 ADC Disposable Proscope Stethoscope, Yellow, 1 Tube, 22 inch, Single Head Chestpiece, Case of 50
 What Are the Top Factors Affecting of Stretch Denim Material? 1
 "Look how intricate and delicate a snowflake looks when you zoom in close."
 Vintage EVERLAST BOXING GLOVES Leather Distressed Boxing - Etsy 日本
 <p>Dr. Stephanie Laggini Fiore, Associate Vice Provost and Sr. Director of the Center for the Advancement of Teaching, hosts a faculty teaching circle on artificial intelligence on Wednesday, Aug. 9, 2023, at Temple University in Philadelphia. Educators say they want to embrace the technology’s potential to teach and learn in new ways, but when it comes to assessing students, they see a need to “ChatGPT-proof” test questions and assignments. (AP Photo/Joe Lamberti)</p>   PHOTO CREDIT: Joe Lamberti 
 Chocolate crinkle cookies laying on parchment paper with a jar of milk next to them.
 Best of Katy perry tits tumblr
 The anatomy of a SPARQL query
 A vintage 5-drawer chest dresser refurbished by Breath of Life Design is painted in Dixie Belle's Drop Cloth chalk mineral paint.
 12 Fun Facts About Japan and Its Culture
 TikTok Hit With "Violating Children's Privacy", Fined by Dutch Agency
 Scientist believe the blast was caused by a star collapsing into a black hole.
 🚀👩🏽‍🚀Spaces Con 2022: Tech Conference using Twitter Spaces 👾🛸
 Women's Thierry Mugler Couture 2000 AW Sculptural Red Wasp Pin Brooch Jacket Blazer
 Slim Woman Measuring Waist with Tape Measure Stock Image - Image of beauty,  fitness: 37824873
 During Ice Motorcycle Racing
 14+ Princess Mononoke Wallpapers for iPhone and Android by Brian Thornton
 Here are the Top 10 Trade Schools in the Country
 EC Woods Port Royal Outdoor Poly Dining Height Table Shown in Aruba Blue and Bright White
**********
> **Problem requirements**: Which lines of the material above hold the string "when"? Pull them out.

> **Result below**:
 "Look how intricate and delicate a snowflake looks when you zoom in close."
 <p>Dr. Stephanie Laggini Fiore, Associate Vice Provost and Sr. Director of the Center for the Advancement of Teaching, hosts a faculty teaching circle on artificial intelligence on Wednesday, Aug. 9, 2023, at Temple University in Philadelphia. Educators say they want to embrace the technology’s potential to teach and learn in new ways, but when it comes to assessing students, they see a need to “ChatGPT-proof” test questions and assignments. (AP Photo/Joe Lamberti)</p>   PHOTO CREDIT: Joe Lamberti 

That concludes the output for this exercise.